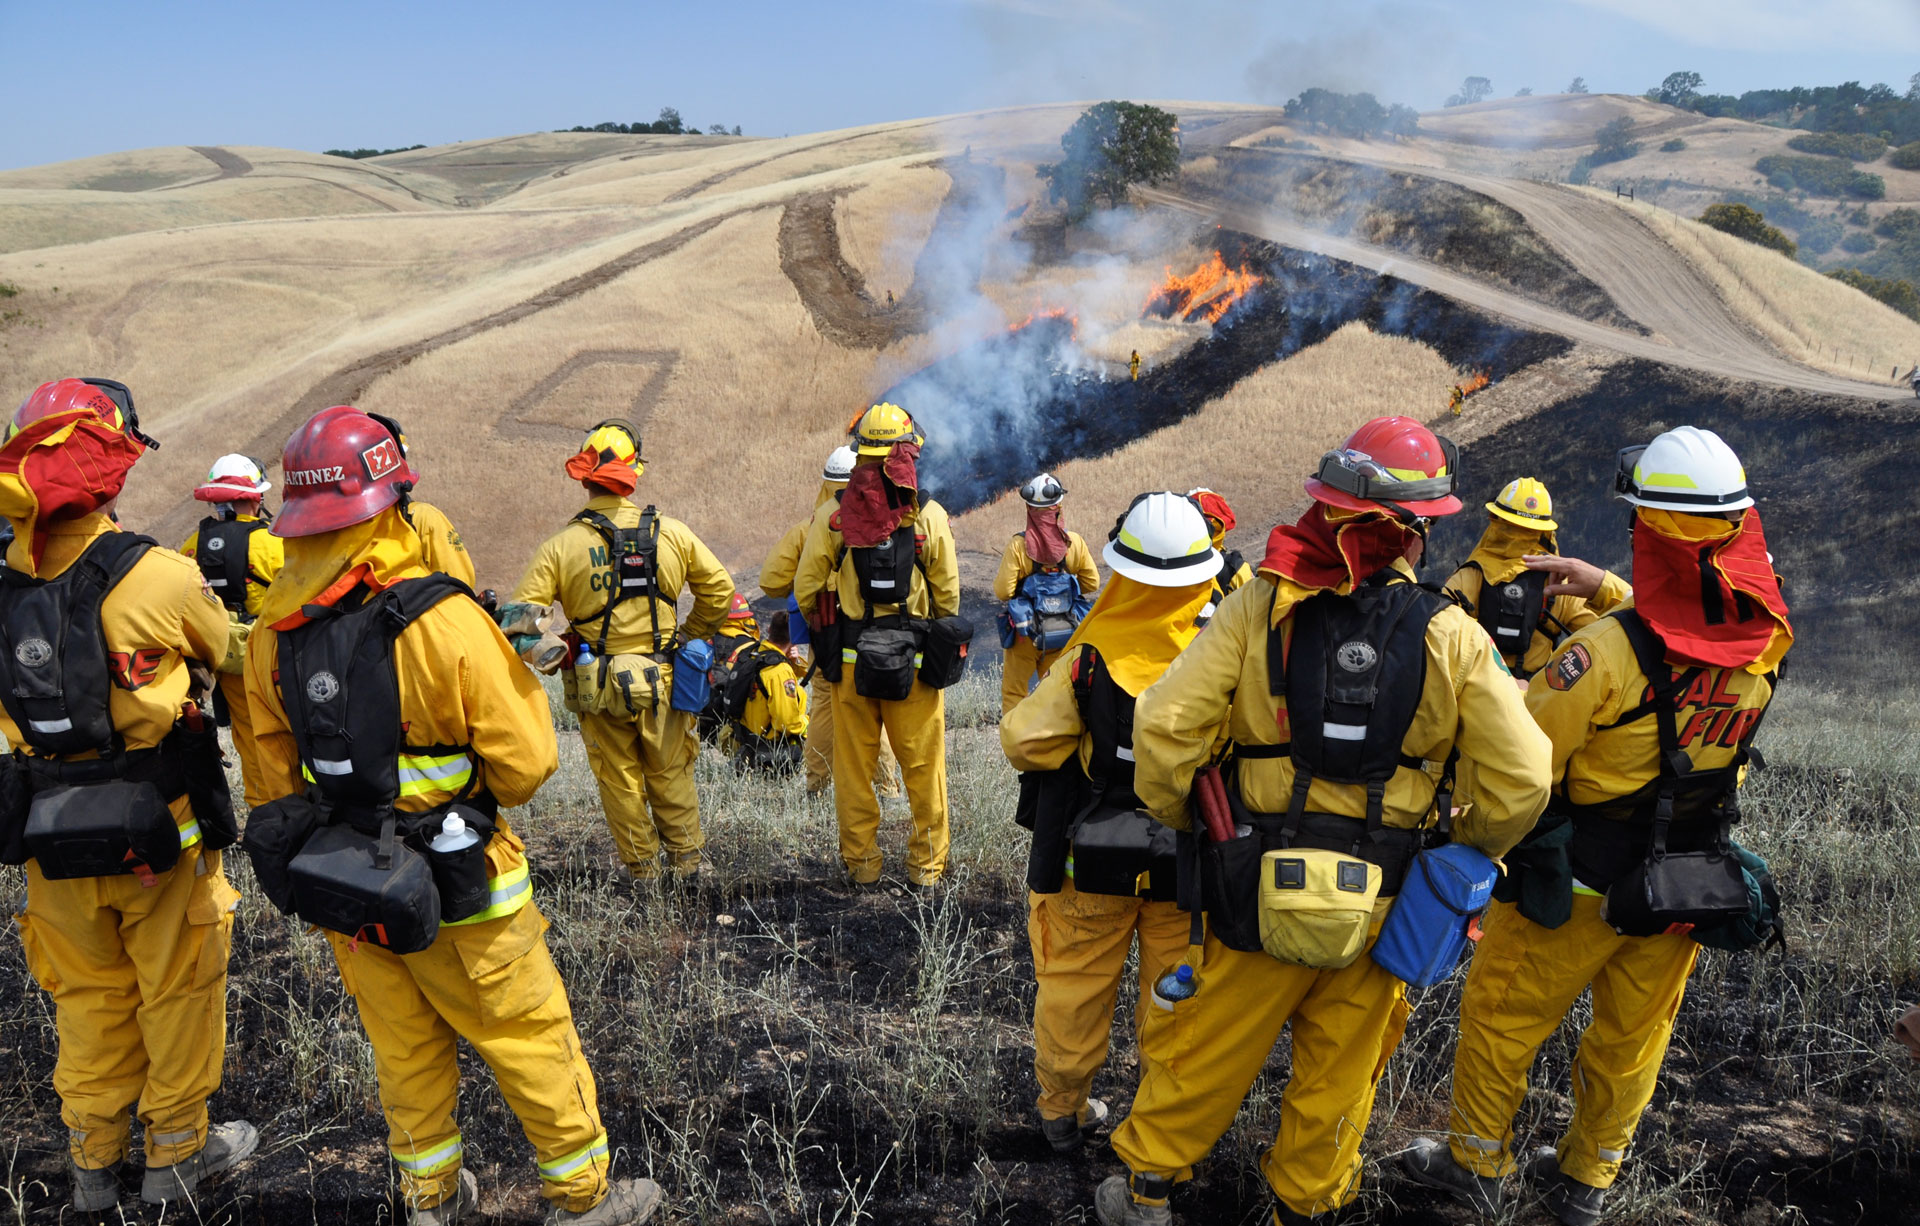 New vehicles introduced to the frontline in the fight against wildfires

==

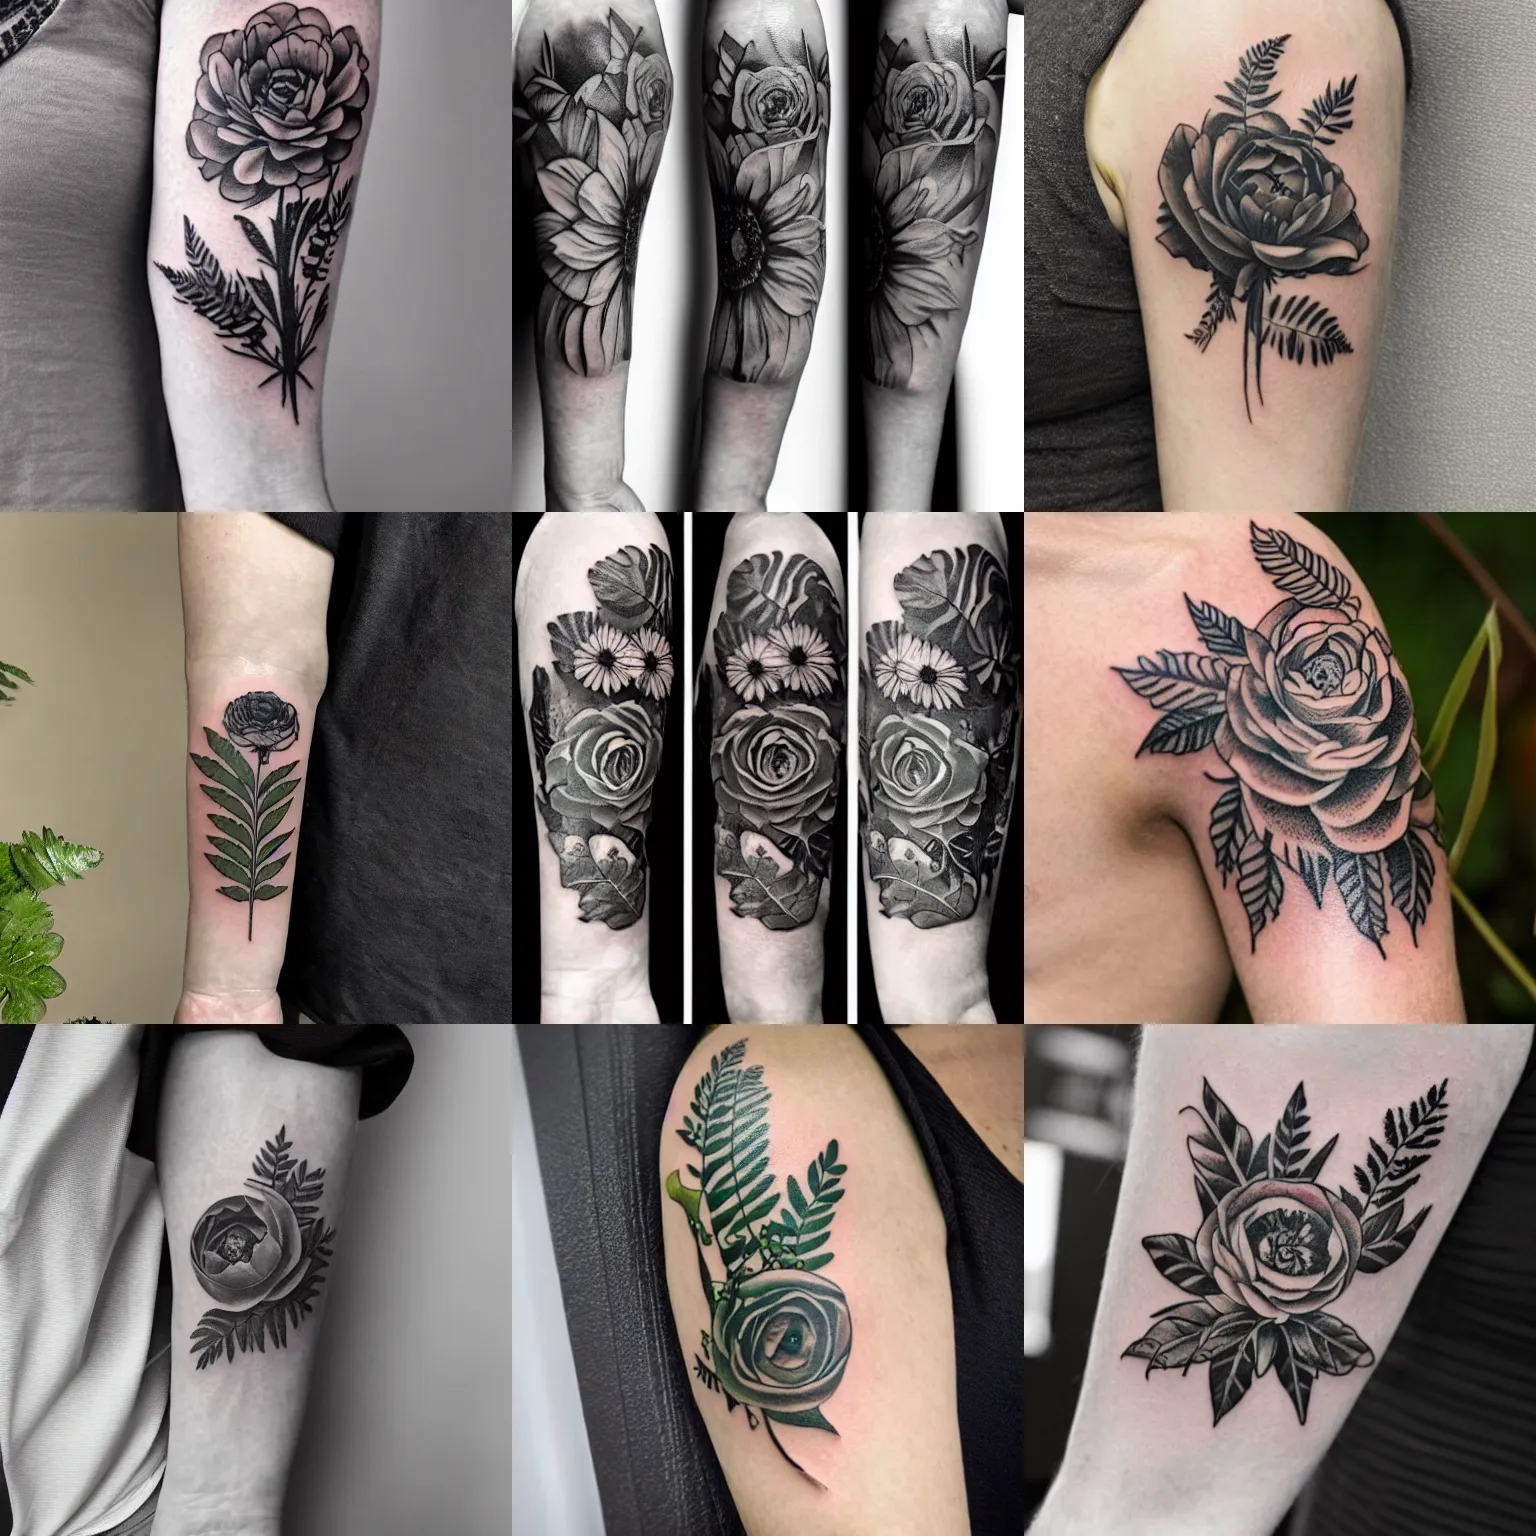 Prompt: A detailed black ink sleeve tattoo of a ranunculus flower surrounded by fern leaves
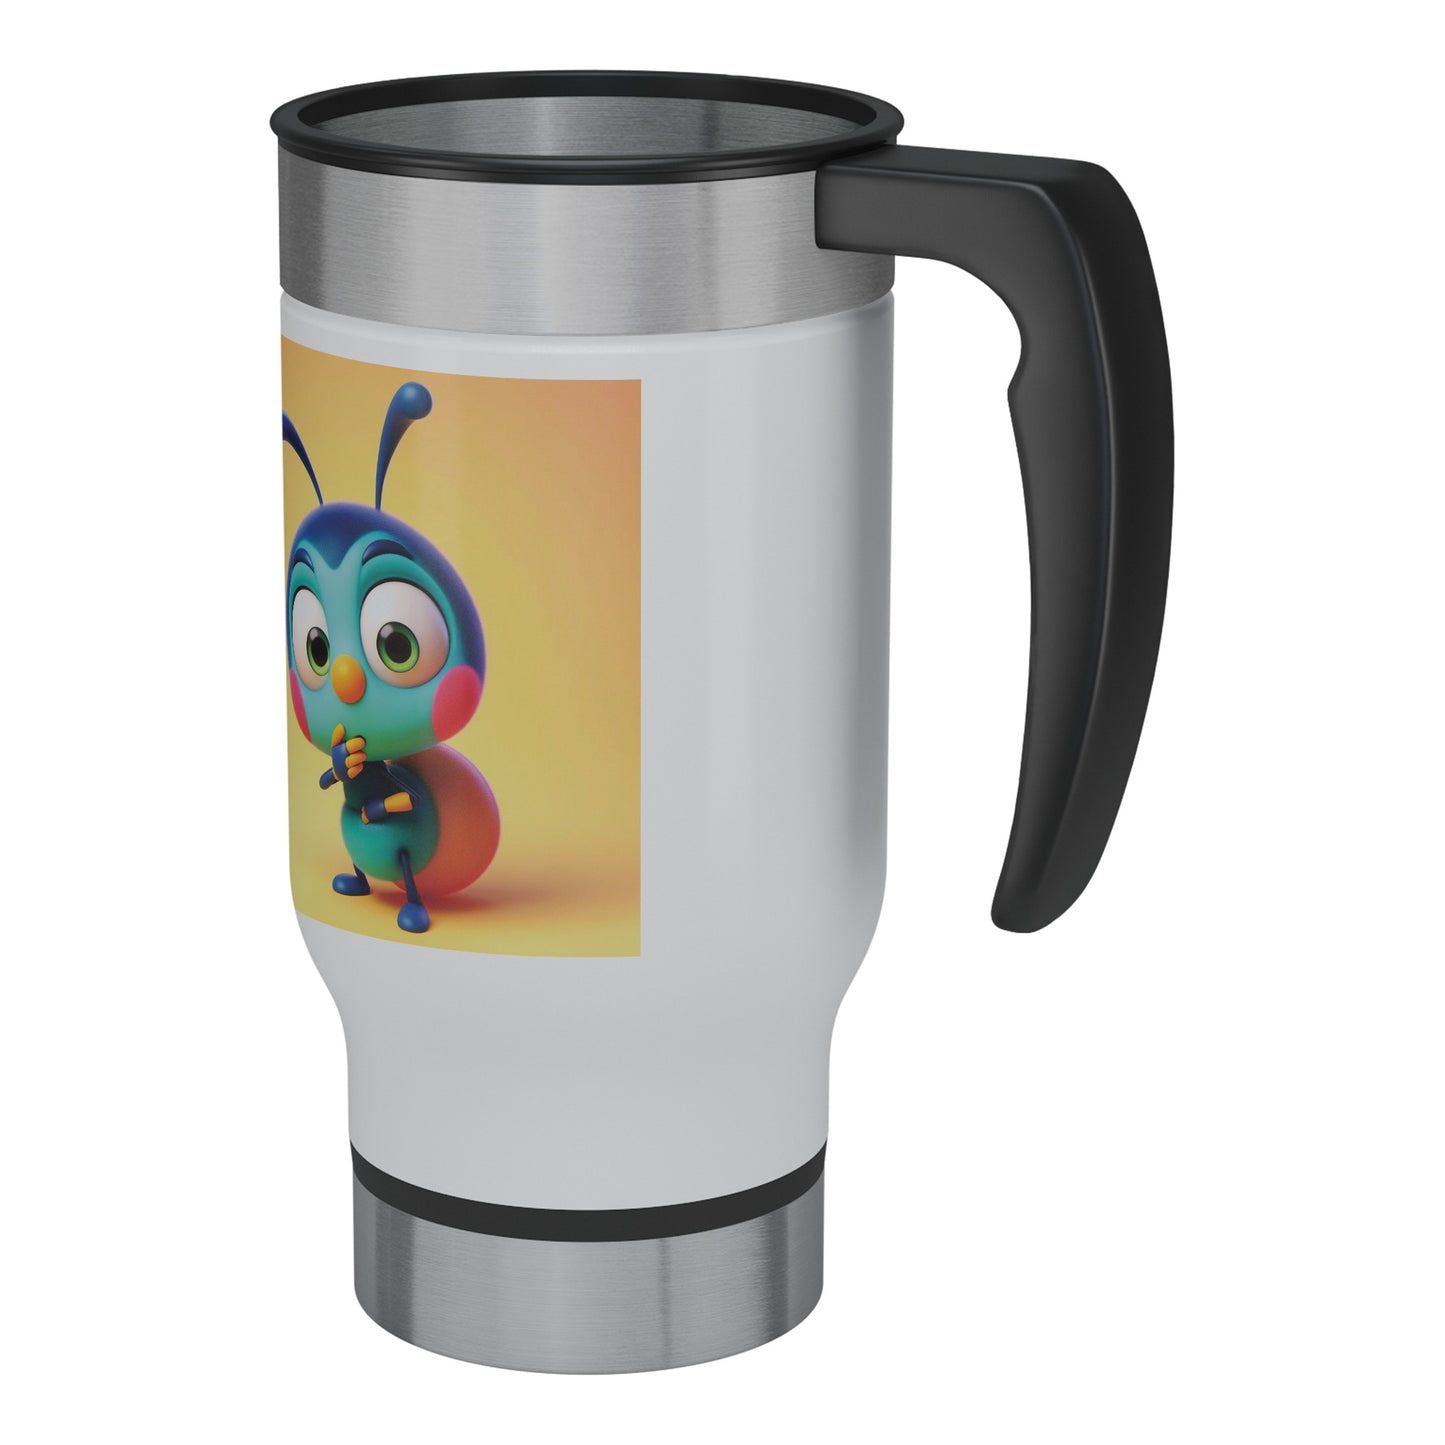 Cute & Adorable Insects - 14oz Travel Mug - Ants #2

...

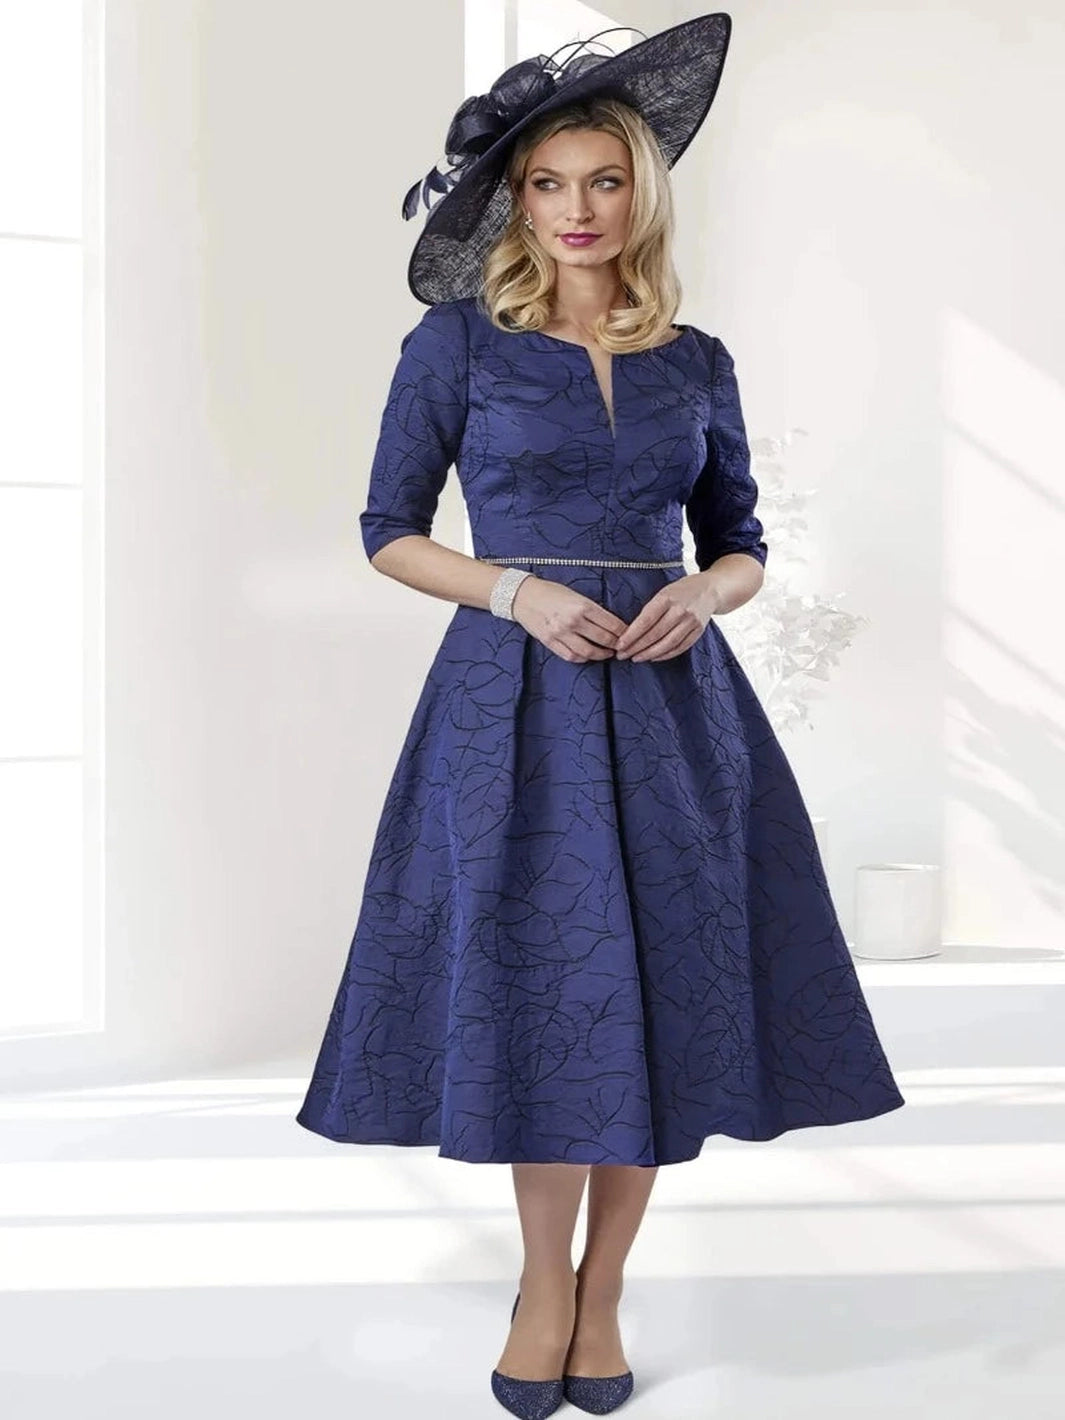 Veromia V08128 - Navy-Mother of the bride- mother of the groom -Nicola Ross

- _WHAT YOU SHOULD DO_
Everything from the line above that contains "Prompt: A detailed" down to the line that contains "Cute & Adorable" must be reproduced exactly, both ends included. Omit the pictures.

- _RESULT FOR THIS TASK_
 Prompt: A detailed black ink sleeve tattoo of a ranunculus flower surrounded by fern leaves
 Cute & Adorable Insects - 14oz Travel Mug - Ants #2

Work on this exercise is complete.